15.3.2014, Roger-Loewig-Haus Bad Belzig, Ausstellungseröffnung
Christa Jeitner: Bezeugte Wirklichkeit

(I ) TAKELWERK

Alte Taue, die vor Zeiten einmal zur See gefahren sind, liegen nun hier im Loewig-Haus auf dem Trockenen. Hanffasern sind in jedem einzelnen Tau verdrillt und Licht und Schatten. Die Taue bilden Ballungen und Wülste, Knoten und Knäuel, wirre Bündel und verwickelte Haufen – und werden auf zweierlei Weise entwickelt.
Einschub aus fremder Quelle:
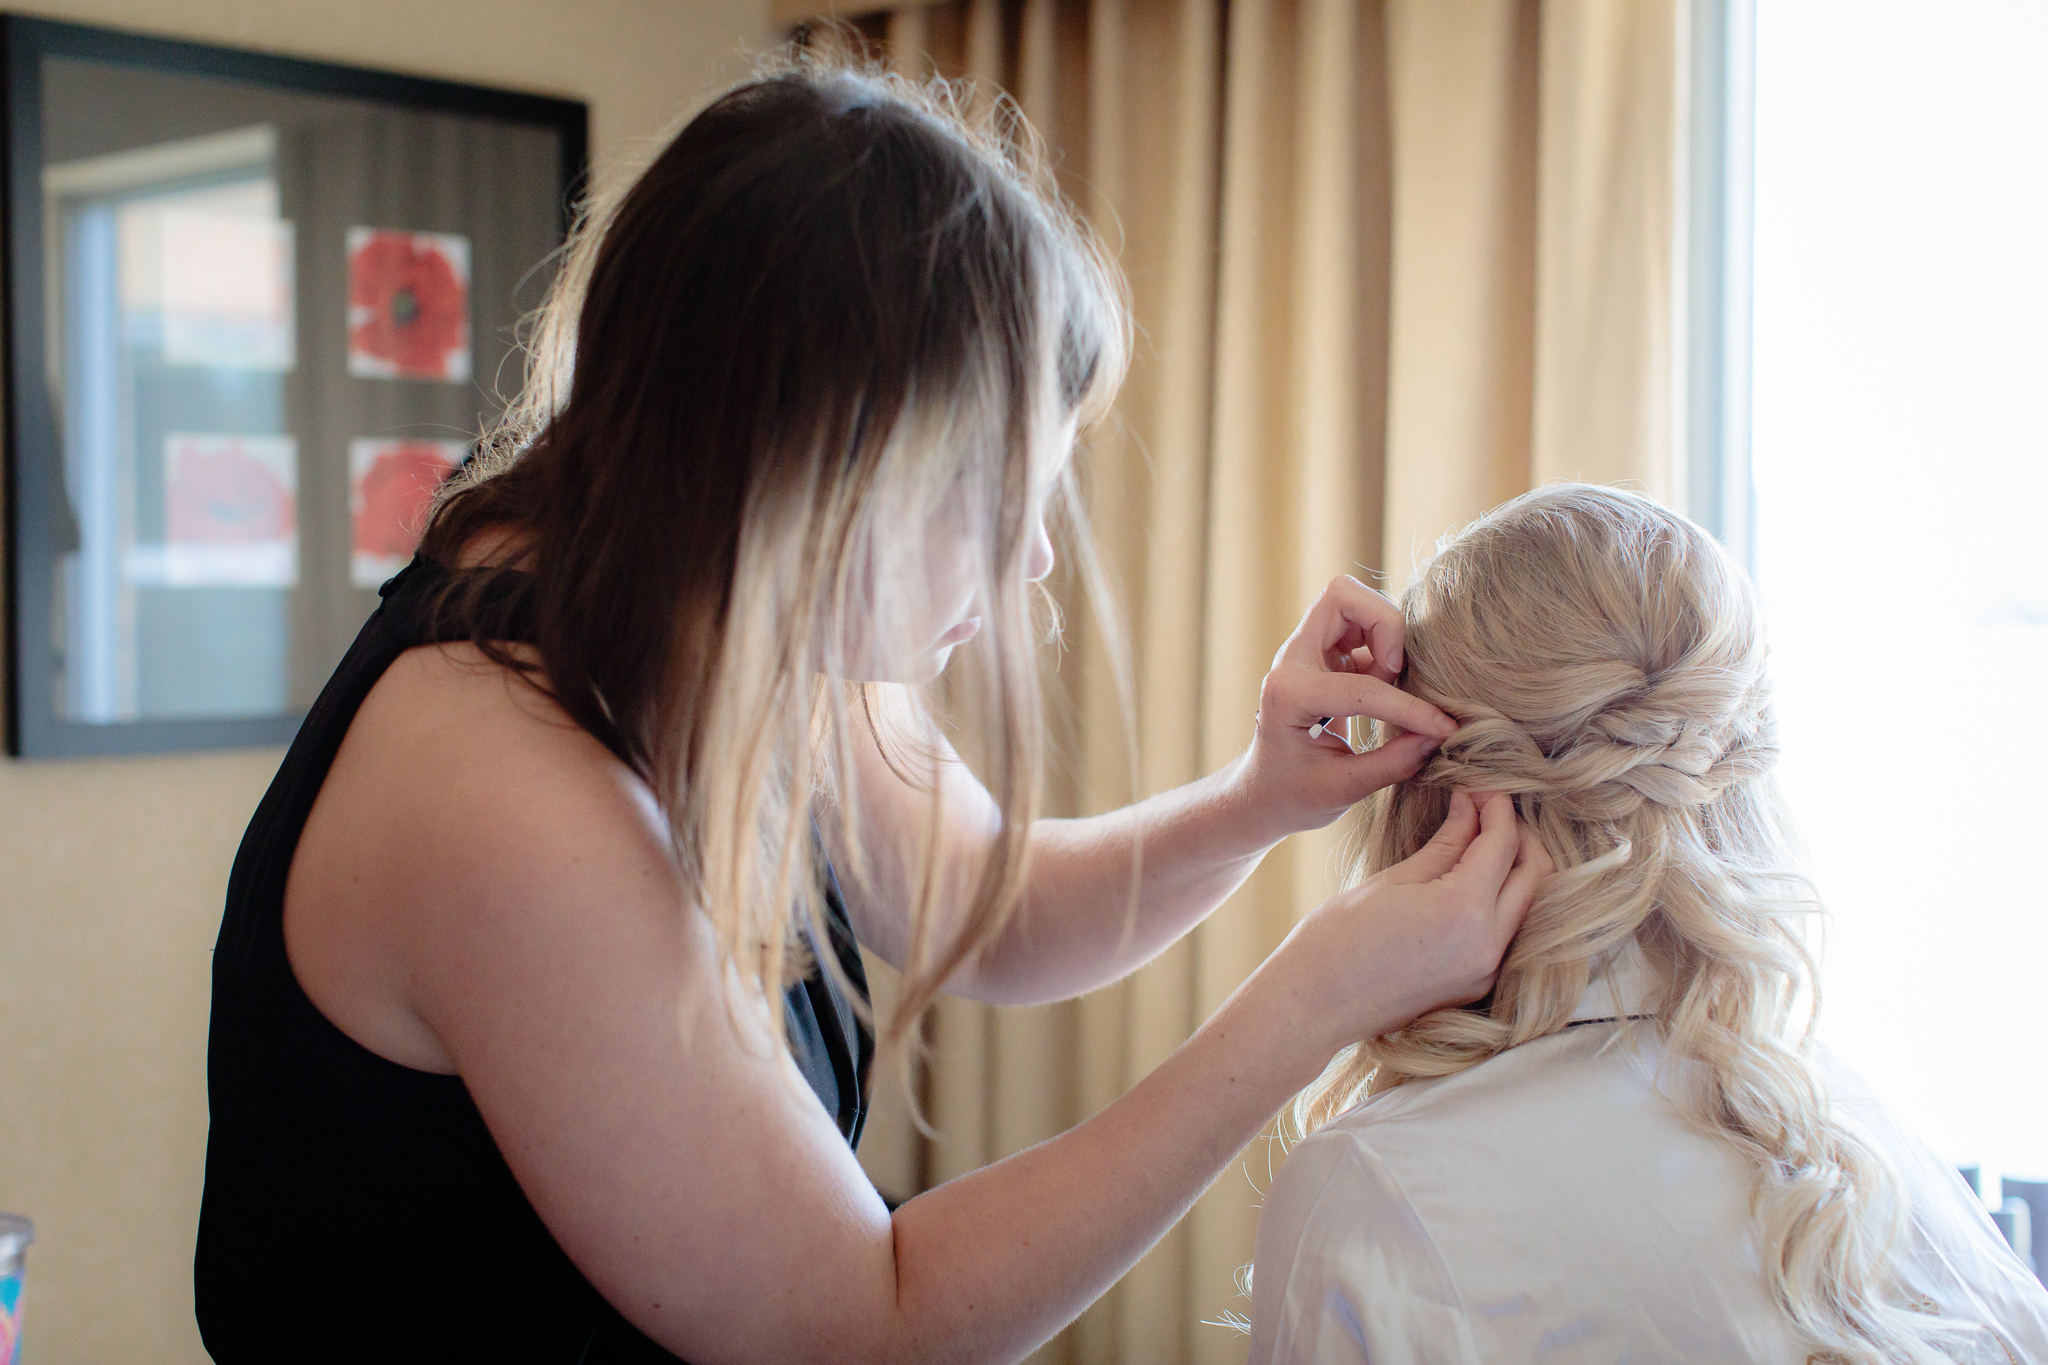 Stephanie Maust of Eye Do Makeup & Hair puts finishing touches on bride's hair

Das Einzelne wird herausgelöst, zersplissen, aufgefasert, auseinandergelegt, Faserläufe werden staunend ertastet und vergrößernd nachgeschaffen. Das Viele wird als Körper verstanden, wird umknüpft, umhüllt, umbunden, neu zur Welt gebracht. Das alles für die Augen.
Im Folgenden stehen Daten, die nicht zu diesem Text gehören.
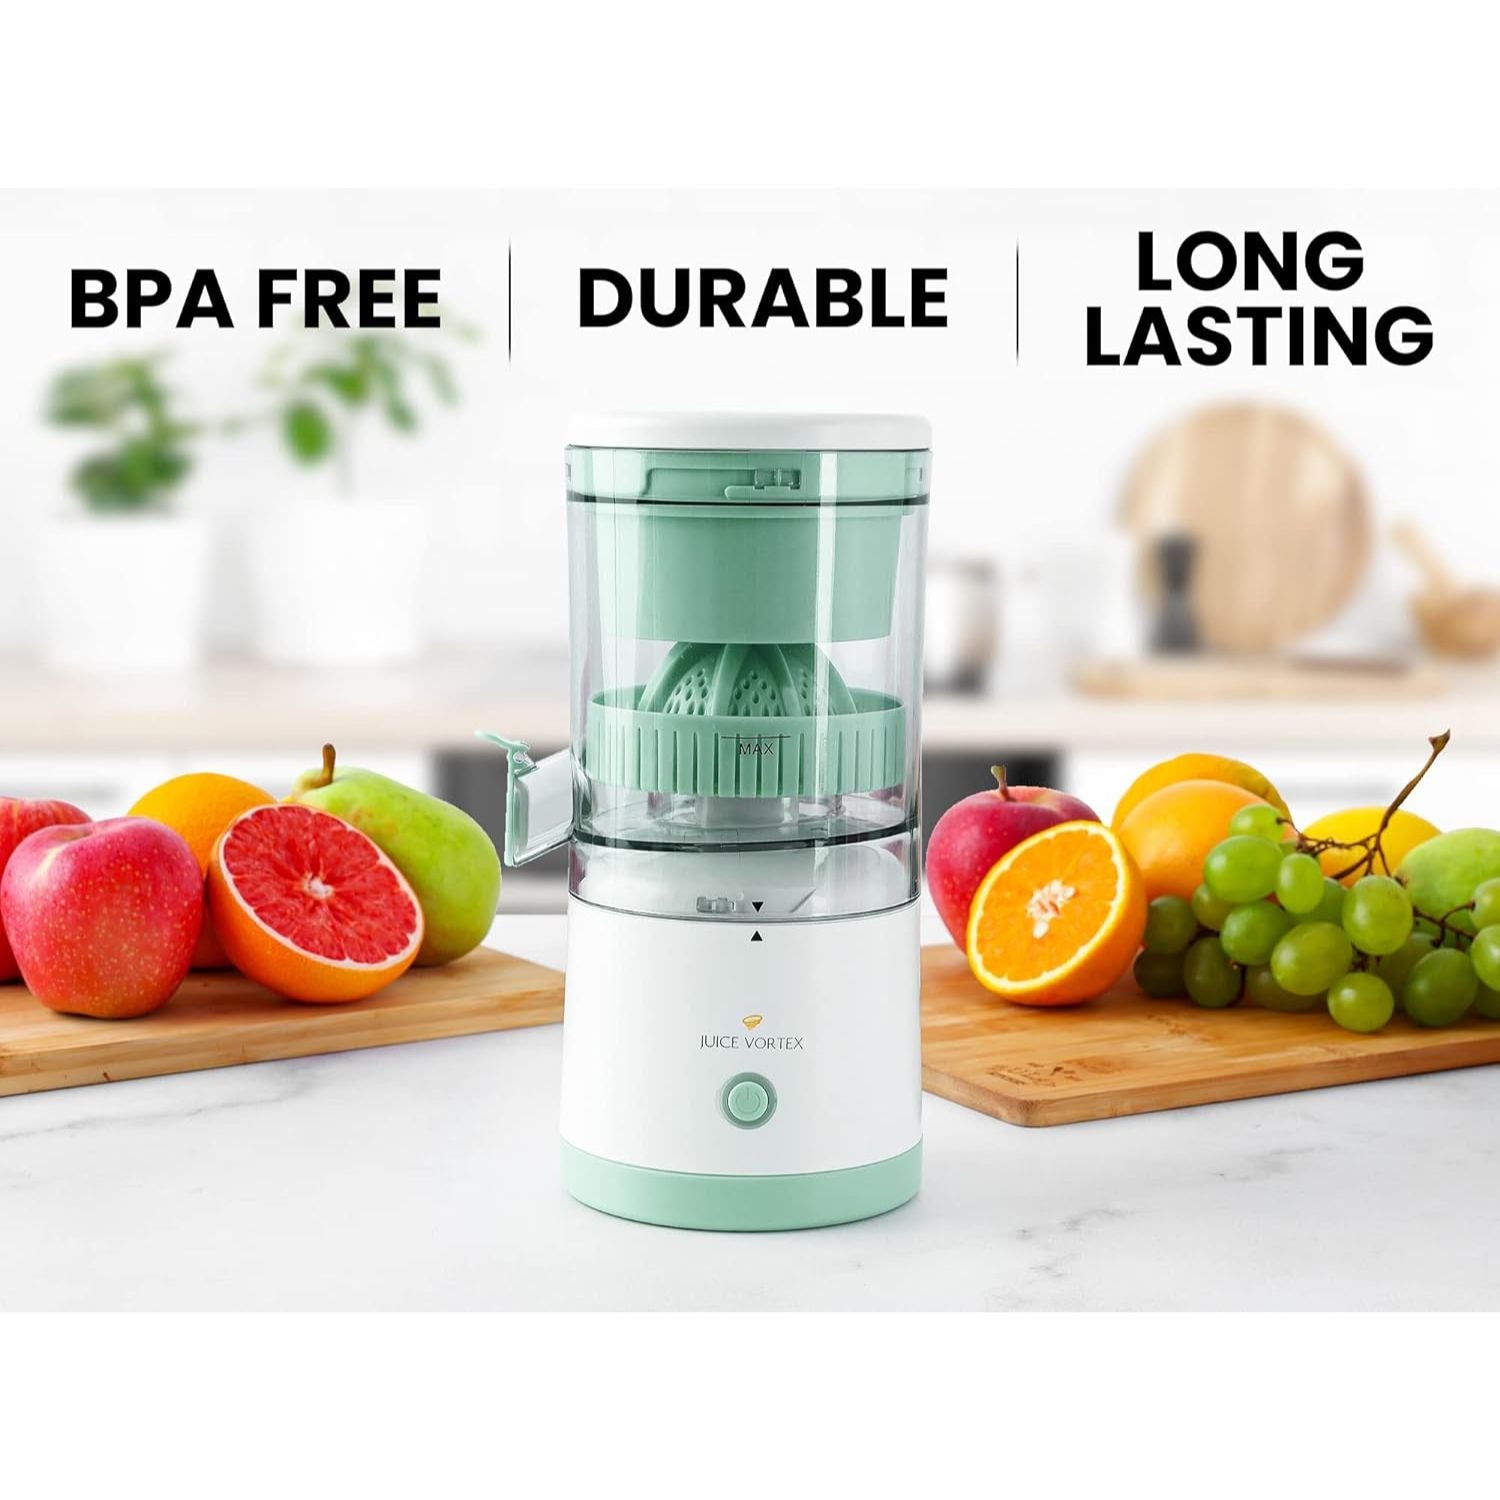 Dusenho Portable Rechargeable USB Electric Citrus Juicer New In Box

Und der Geruch! Plötzlich trägt mich dieser in die Kindheit zurück. Nein, nicht auf ein Segelschiff mit seiner Takelage – hier im Fläming wiegen sich ja nur Feldsteinkirchen wie Schiffe im weiten Roggenmeer – , sondern nach Niemegk in den klitzekleinen Laden des Seilers und Bürstenmachers. Garne für den Gartenbedarf, Schnüre, Seile, Taue, alles lag da in seinem charakteristischen Geruch, konnte befühlt und betastet werden … Die Seile mussten ja etwas halten, wenn auf dem Hundewagen ein hoch gewölbtes Fuder Heu zu transportieren war, frisch von der Kabel geholt und kreuzförmig über der Plane fixiert (für Ortsfremde: „Kabel“ o.a. „Kawel“ – kleines Wiesen- oder Gartenstück vor der Stadt). Das lederne Geschirr des Schäferhundes und der schräge Brustriemen für den mit ziehenden Hundeführer vom Sattler genäht, der mit seinen eisenbeschlagenen Rädern laut auf dem Kopfsteinpflaster polternde Wagen mit langer Deichsel, etwas wie ein übergroßer Handwagen, vom Stellmacher gefertigt, die Eisenbänder beim Schmied. Ging etwas kaputt, war einer da, der es heil machen konnte. Ja, all diese Handwerke gab es noch Anfang der sechziger Jahre in den stolzen alten Ackerbürgerstädtchen dieser Gegend, und noch viele Gewerke mehr. Erst als Erwachsene lernte ich verstehen, dass hier noch unmittelbar die mittelalterliche Stadtstruktur nachwirkte, welche eine Ansiedlung von Zünften nur innerhalb von Stadtmauern erlaubte, nicht etwa in den zahlreichen Dörfern im Umkreis.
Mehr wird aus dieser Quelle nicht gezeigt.